Josh Homme is an American rock musician who has released 18 studio albums and collaborated with over 25 different artists. He started playing guitar in the 1980s and formed a band with Palm Desert, California schoolmates John Garcia and Brant Bjork, initially under the name Katzenjammer, then Sons of Kyuss, and later shortened to simply Kyuss. The band released an EP called Sons of Kyuss (1990) when Homme was 16 years old, before going on to record four critically acclaimed studio albums and a greatest hits release without breaking through to mainstream success. After the breakup of the band in 1995, Homme considered abandoning his music career, but was persuaded by vocalist Mark Lanegan to join the Screaming Trees on tour as second guitarist.

In August 1997, Homme gathered a few musician friends at recording studio Rancho de la Luna for a weekend of collaborations called "The Desert Sessions". The experiment yielded two albums, Volumes 1 & 2, and Homme would repeat the exercise at the same studio with different musicians on a further four occasions over the next decade.

Also in 1997, Homme formed Queens of the Stone Age with former Kyuss drummer Alfredo Hernández, initially under the name Gamma Ray. In 1998, Queens of the Stone Age released their self-titled debut album, on which Homme performed lead vocals, guitar, and bass guitar. Queens of the Stone Age would adopt a fluid line-up, with dozens of members joining and leaving as the band developed while Homme remained the only permanent member. They have released several EPs, compilations, a DVD, and a total of eight studio albums, including the break-through Songs for the Deaf (2002).

Eagles of Death Metal started out as an impromptu collaboration on the Desert Sessions' 1998 release Volume 4: Hard Walls and Little Trips, but became a full-time band with the recording and release of their debut album, Peace, Love, Death Metal, in 2004. The original line-up included Homme on drums and his childhood friend Jesse Hughes on lead vocals and guitar, although Homme rarely tours with the band due to his commitments with Queens of the Stone Age. In 2006, Eagles of Death Metal released its second studio album, Death by Sexy, which became their first album to chart on the Billboard 200. The band has since released a further two albums.

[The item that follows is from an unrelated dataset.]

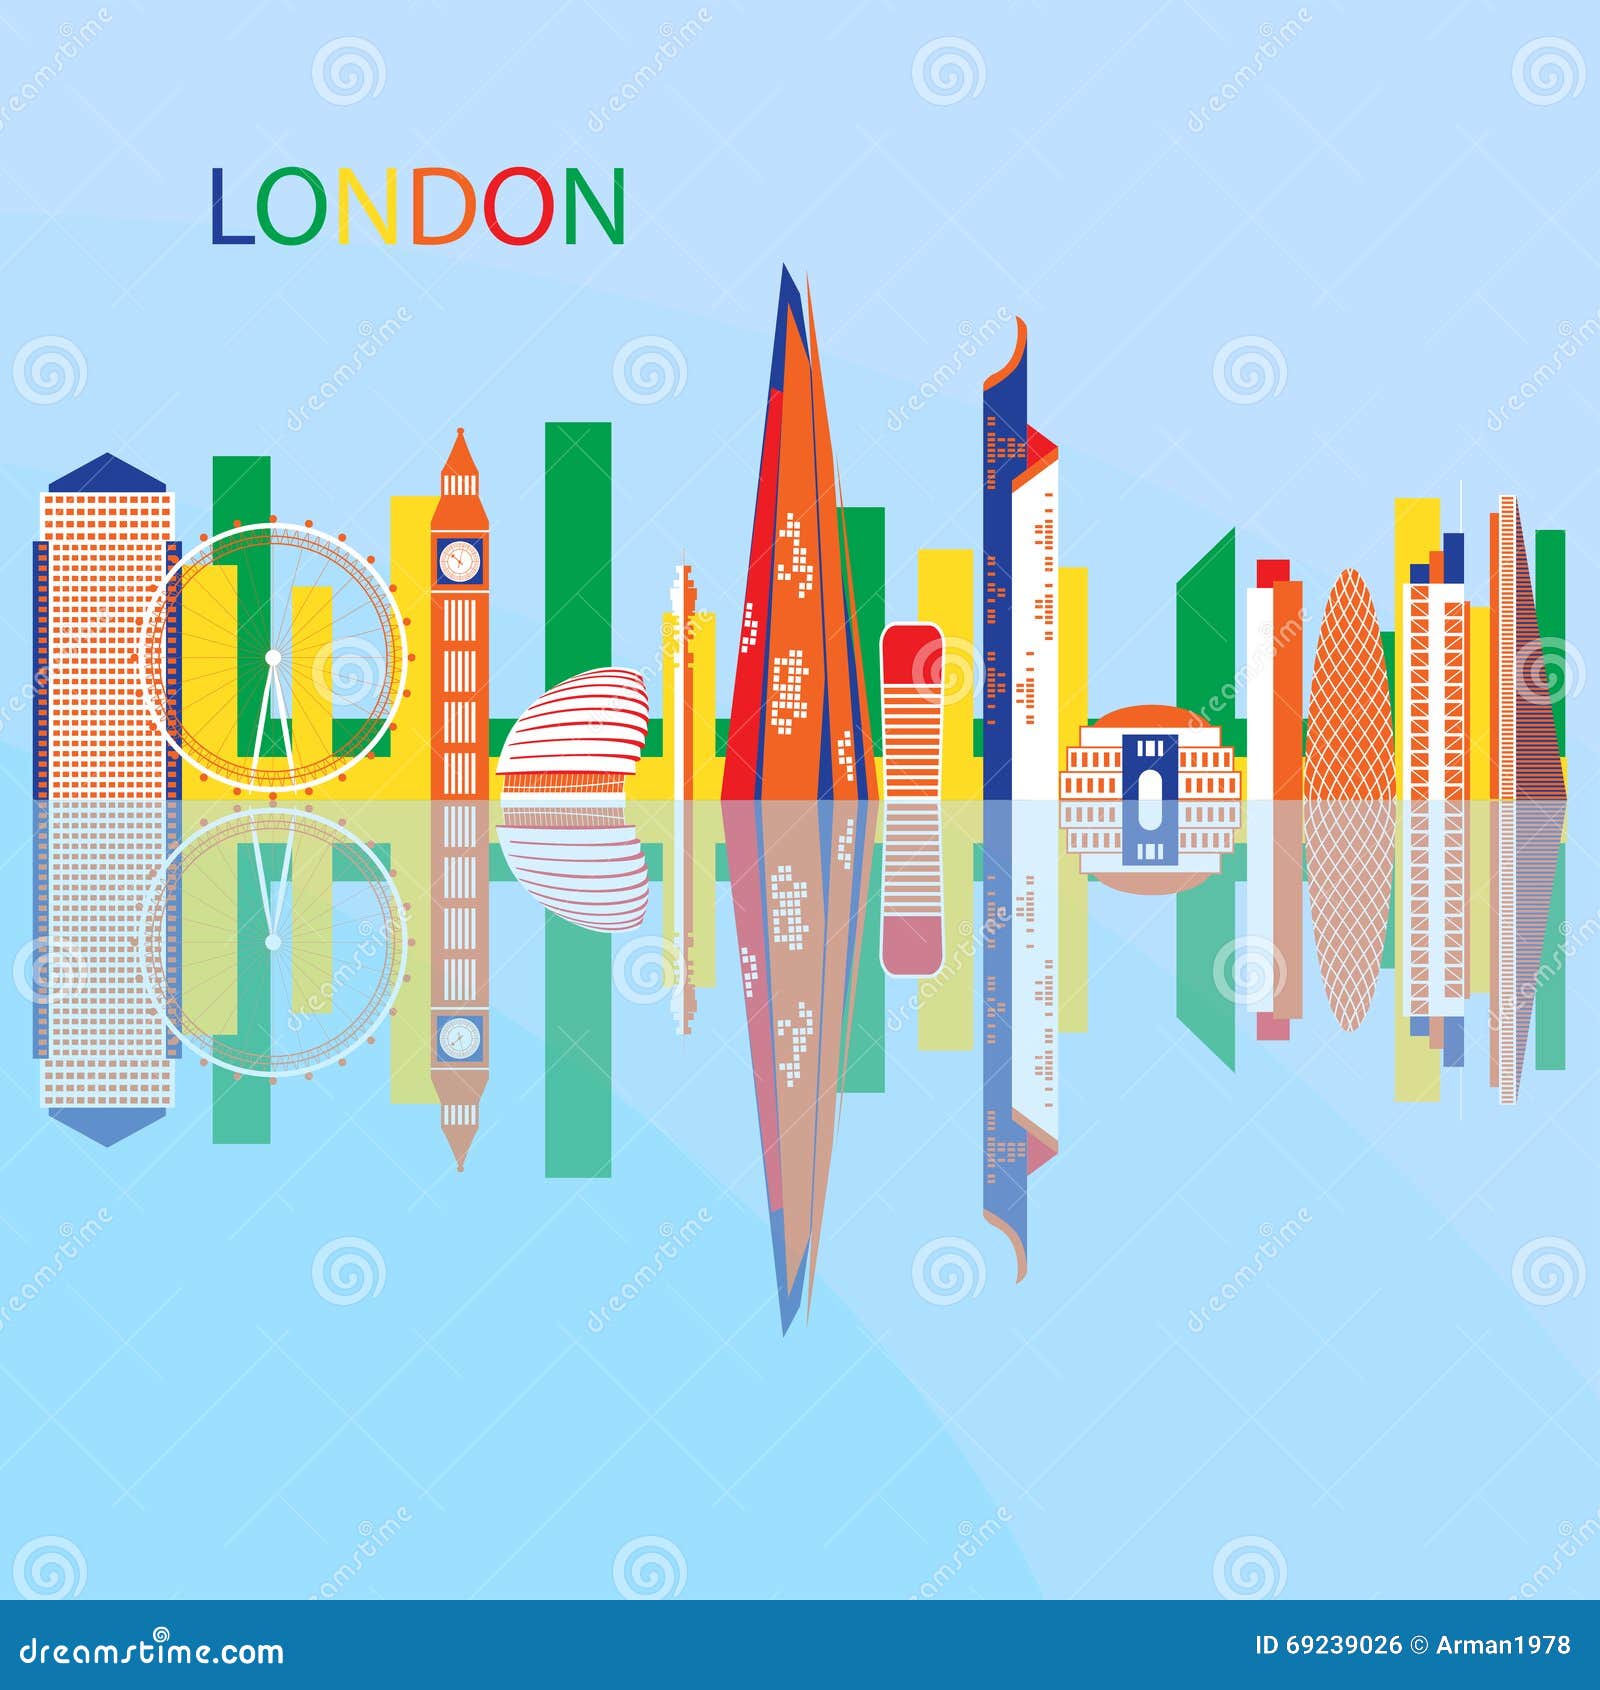 londres capitales - Image
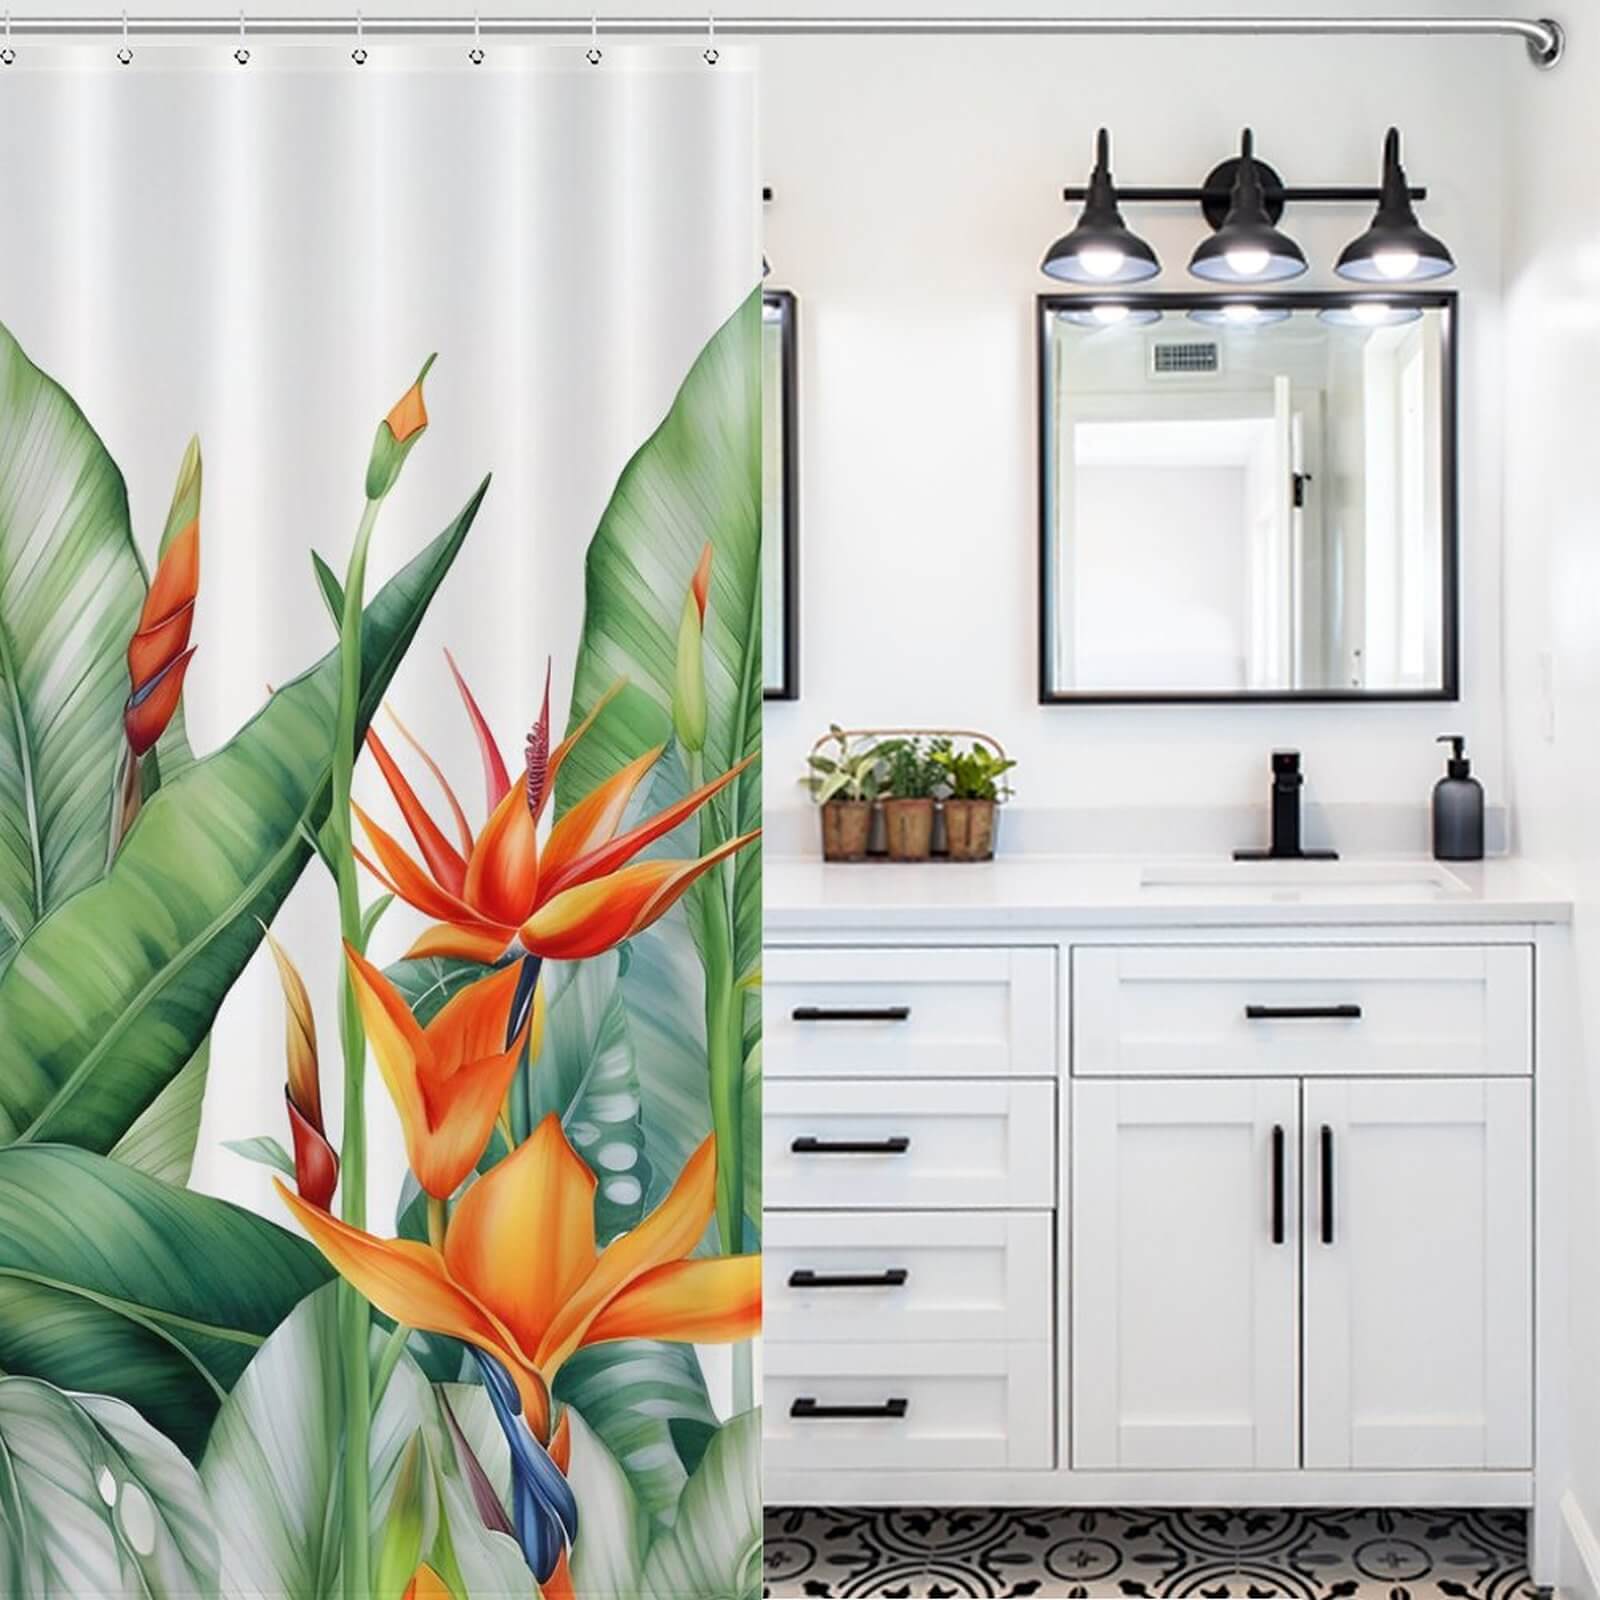 Waterproof Botanical Jungle shower curtain with a jungle theme featuring bird of paradise motifs, by Cotton Cat.

In 2009, Homme appeared alongside Dave Grohl and John Paul Jones in the band Them Crooked Vultures. The band has so far put out one record, the self-titled Them Crooked Vultures. Plans for a follow-up in the future continue, with Homme and Grohl both continuing to state their commitment to the band despite their numerous other projects.

Homme has also appeared on the releases of several other bands, including Deep in the Hole (2001) and Flak 'n' Flight (2003) by Masters of Reality, Cocaine Rodeo (2000) and A Drug Problem That Never Existed (2003) by Mondo Generator, In Your Honor by Foo Fighters (2005), and Impeach My Bush by Peaches (2006).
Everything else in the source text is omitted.